§ **Provided data**
-- Opening Marker --

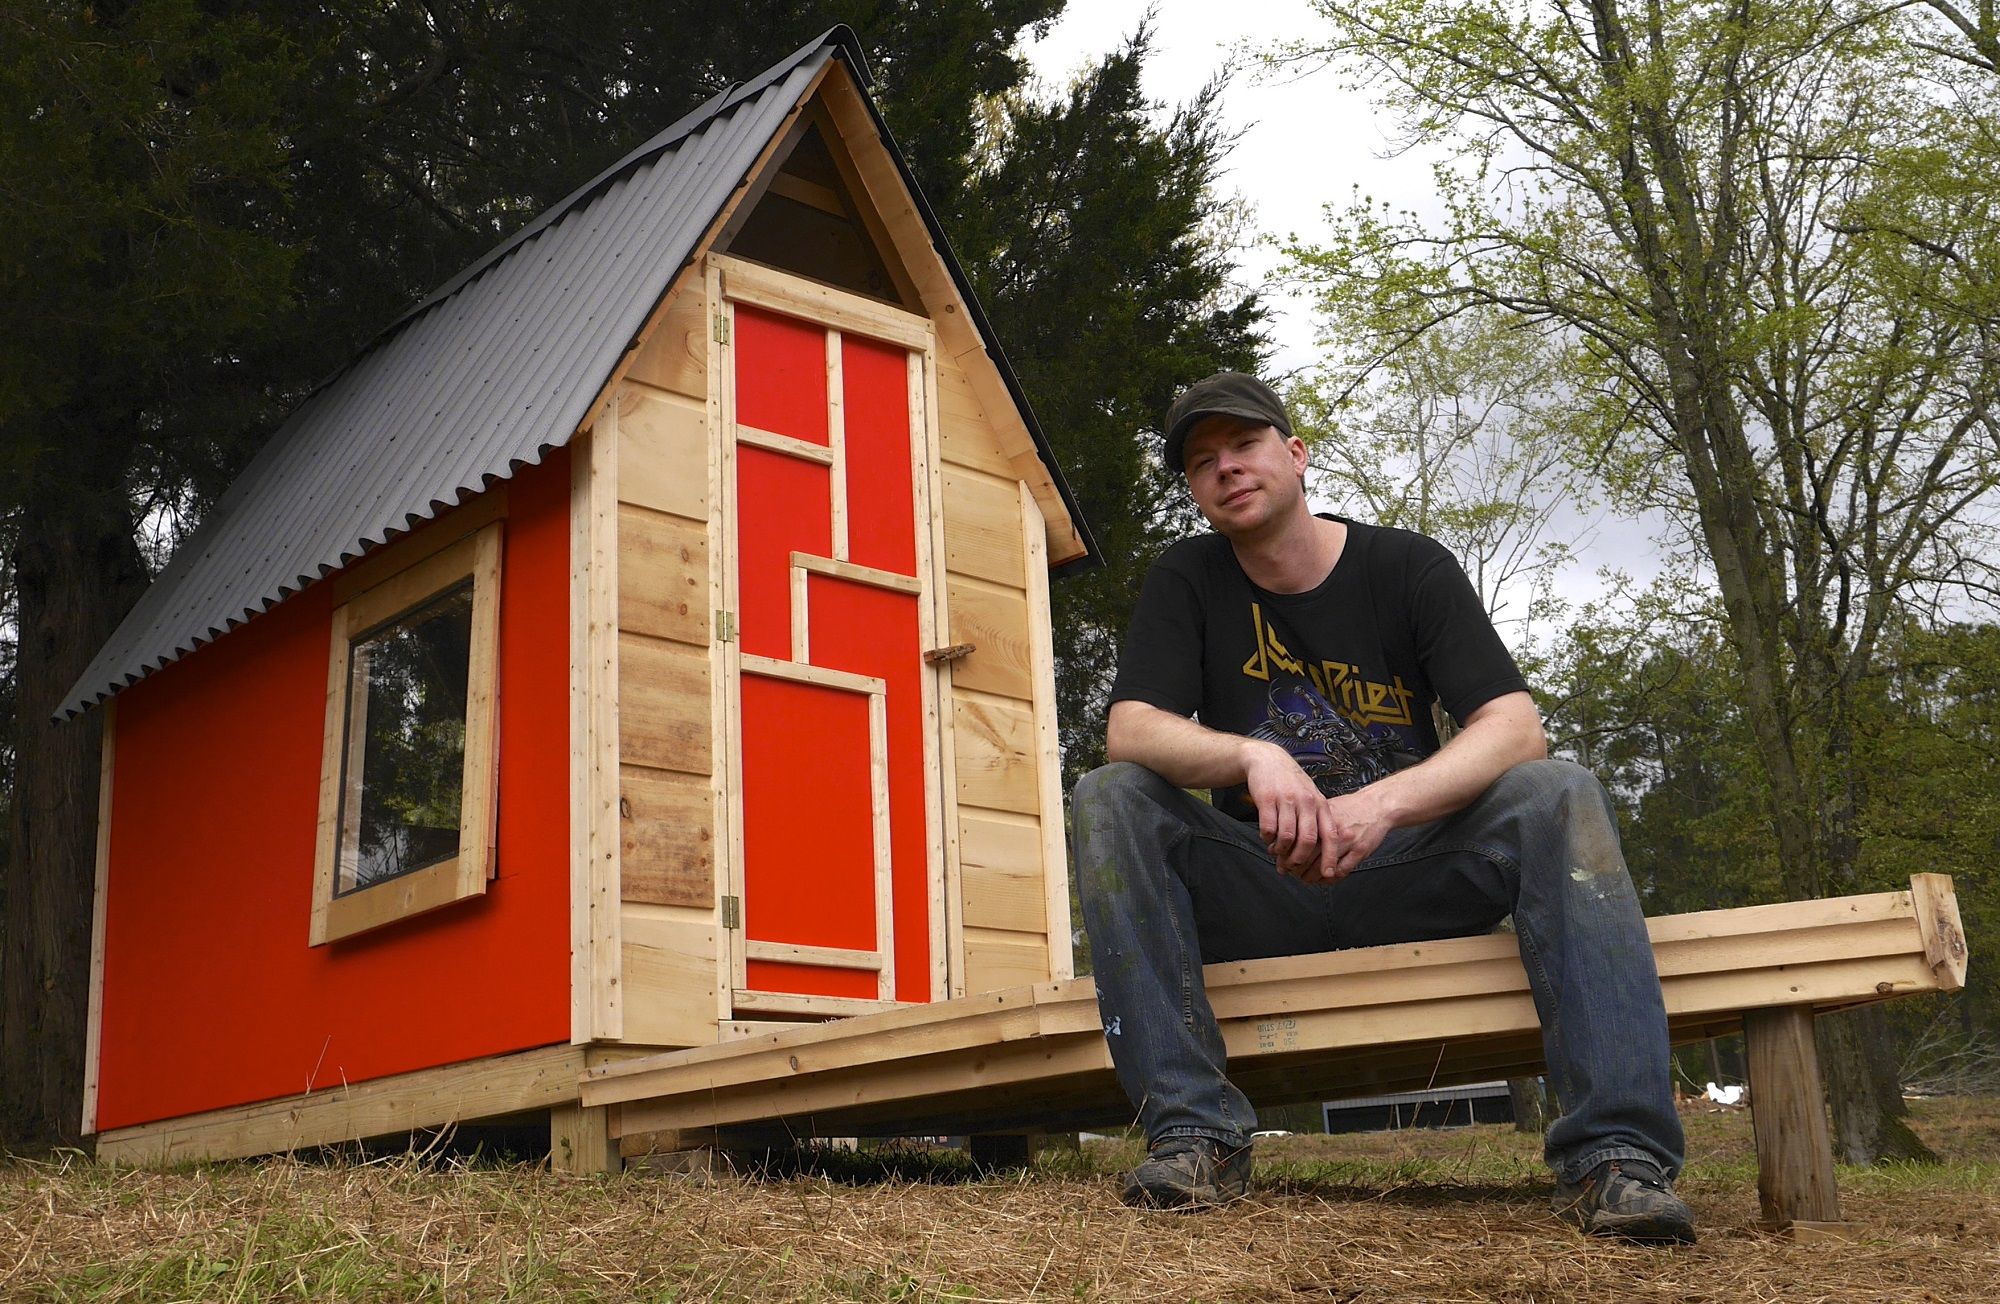 Tiny home q a microshelters author derek diedricksen for Online tiny house builder
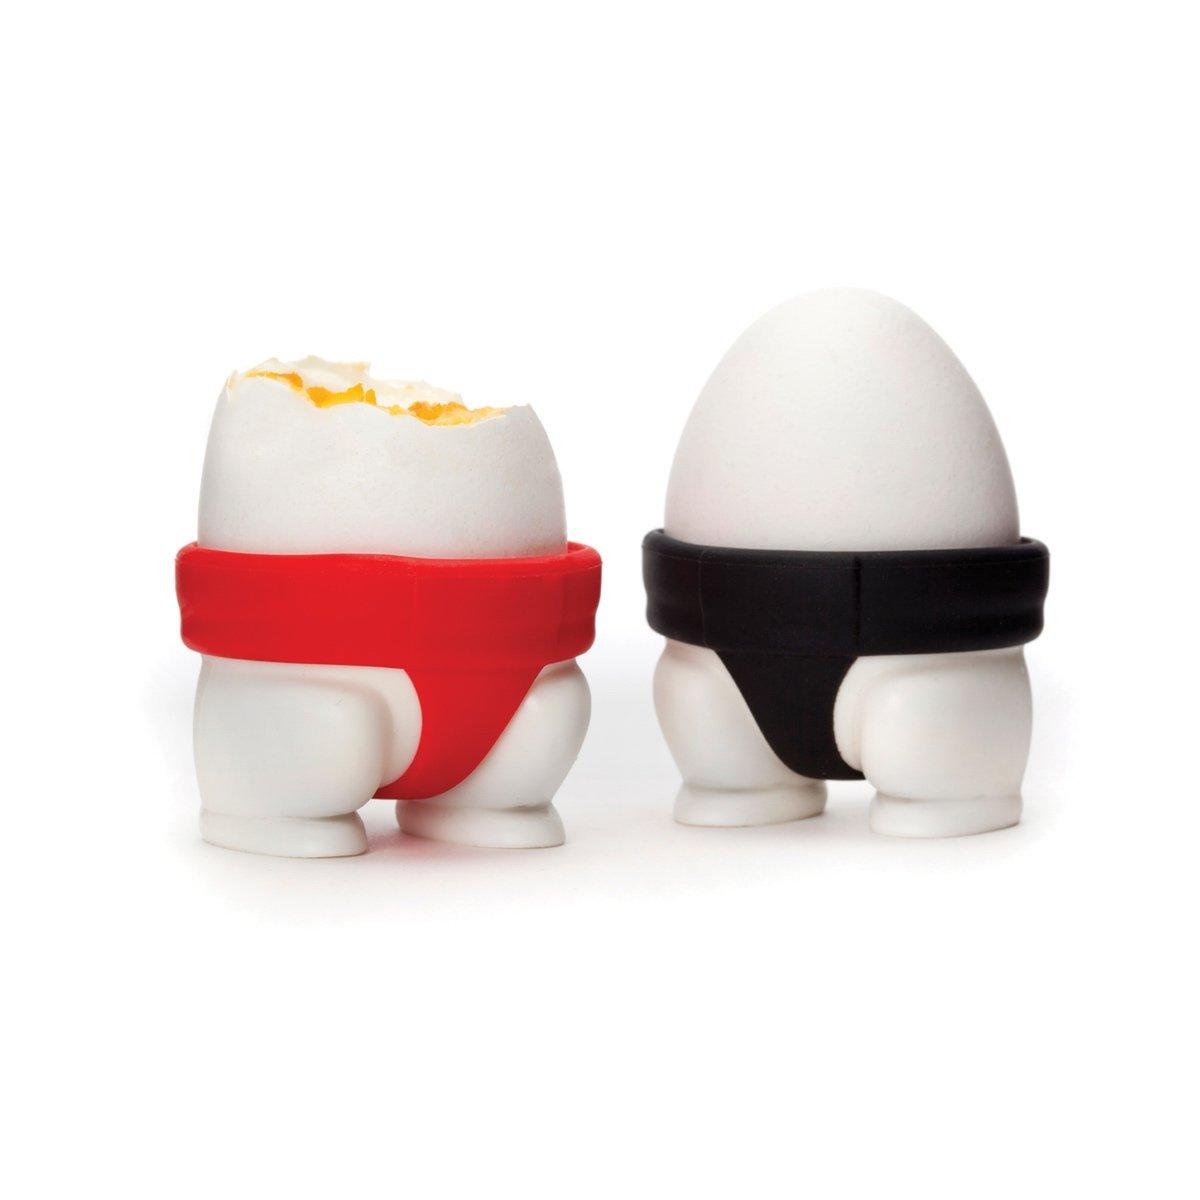 egg gadget 1
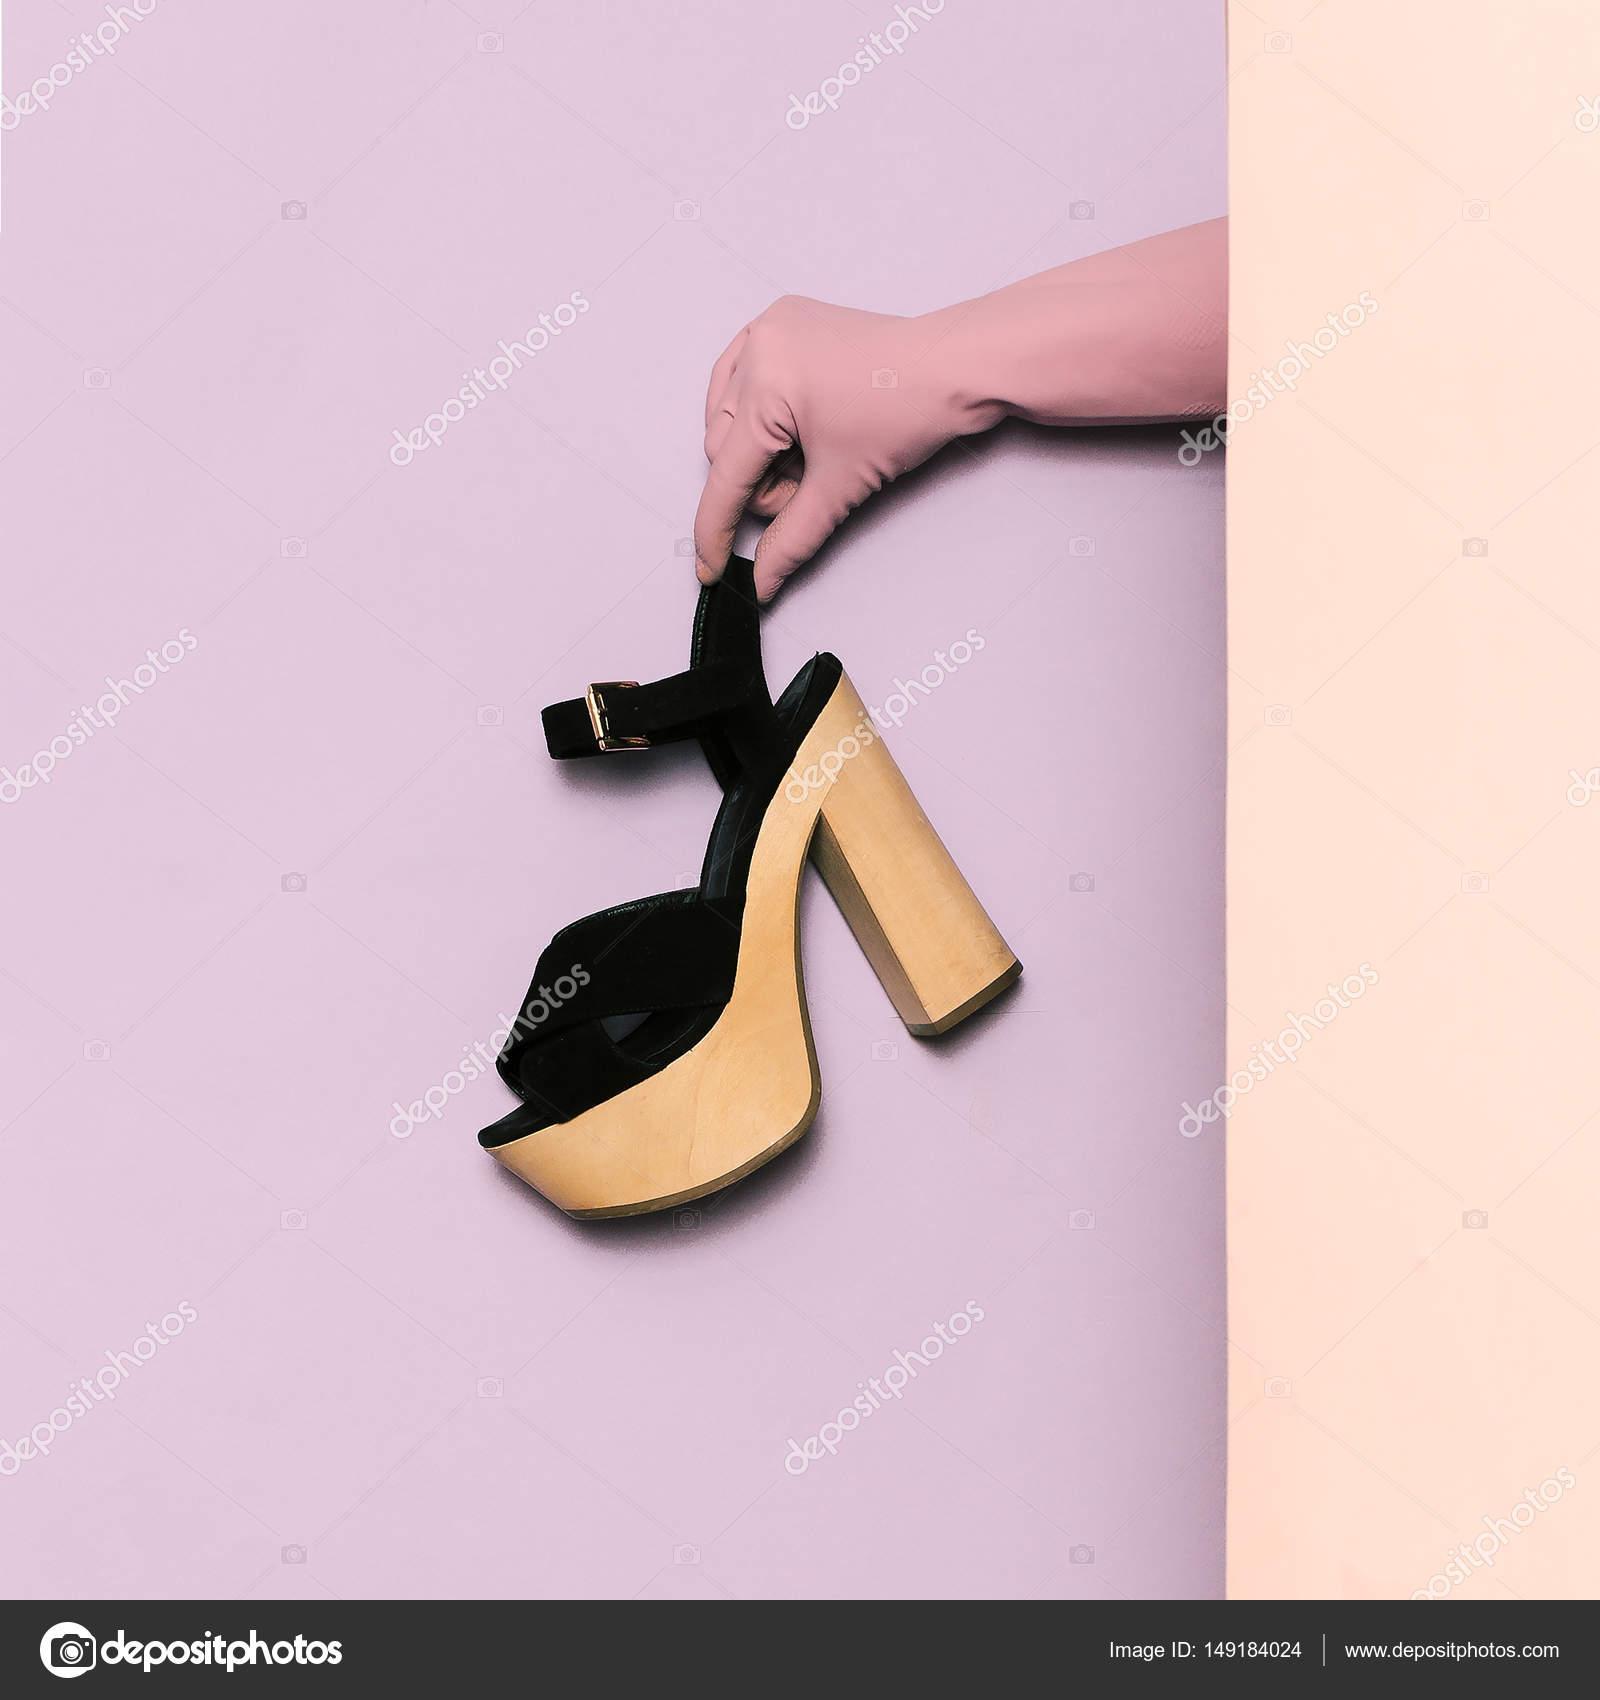 vetements elegants chaussures a talons chaussures glamours ide de garde robe
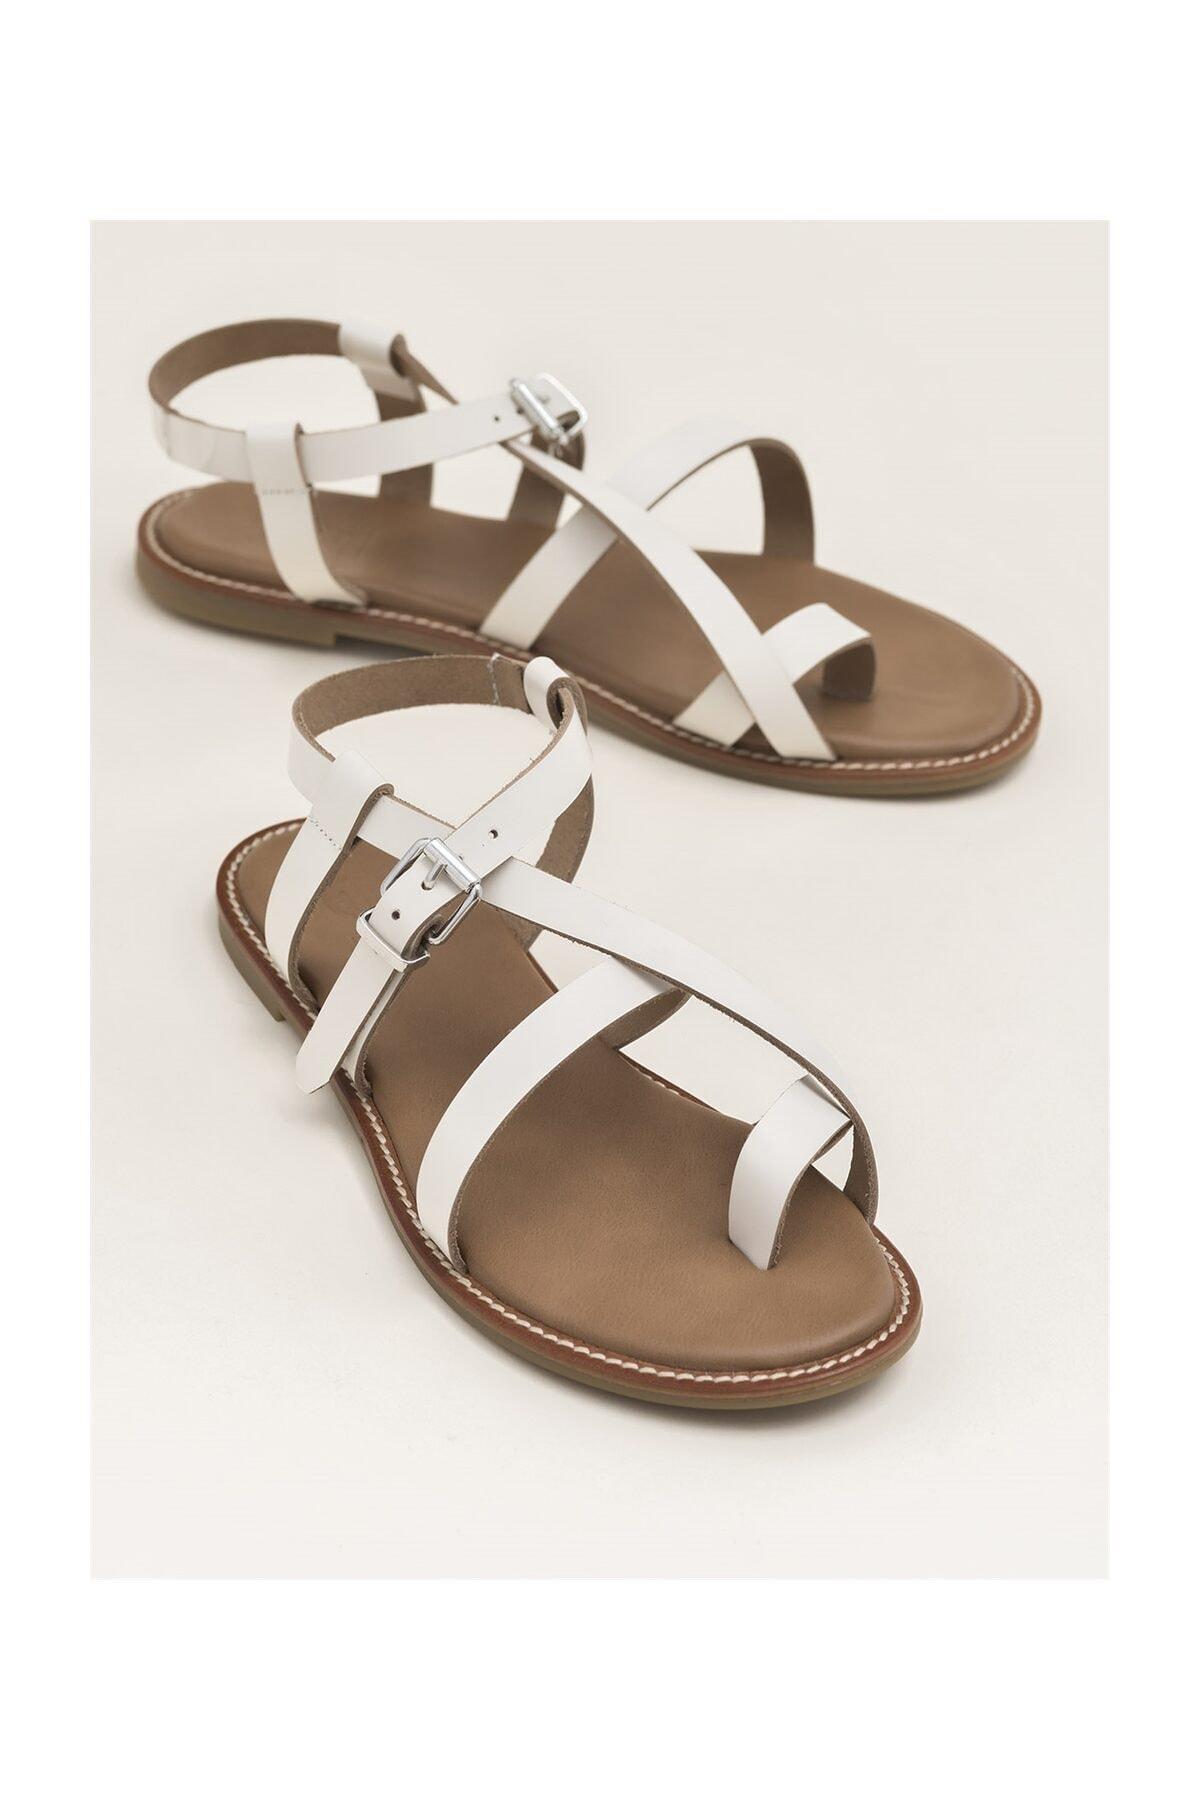 Elle Shoes Elayne Kadın Sandalet 1

-- Closing Marker --

§ **Activity**
Your task is to reproduce exactly the lines from the one that holds "vetements elegants chaussures" to the last line of the listing, and only those, omitting the pictures.

§ **Exercise response**
 vetements elegants chaussures a talons chaussures glamours ide de garde robe
 Elle Shoes Elayne Kadın Sandalet 1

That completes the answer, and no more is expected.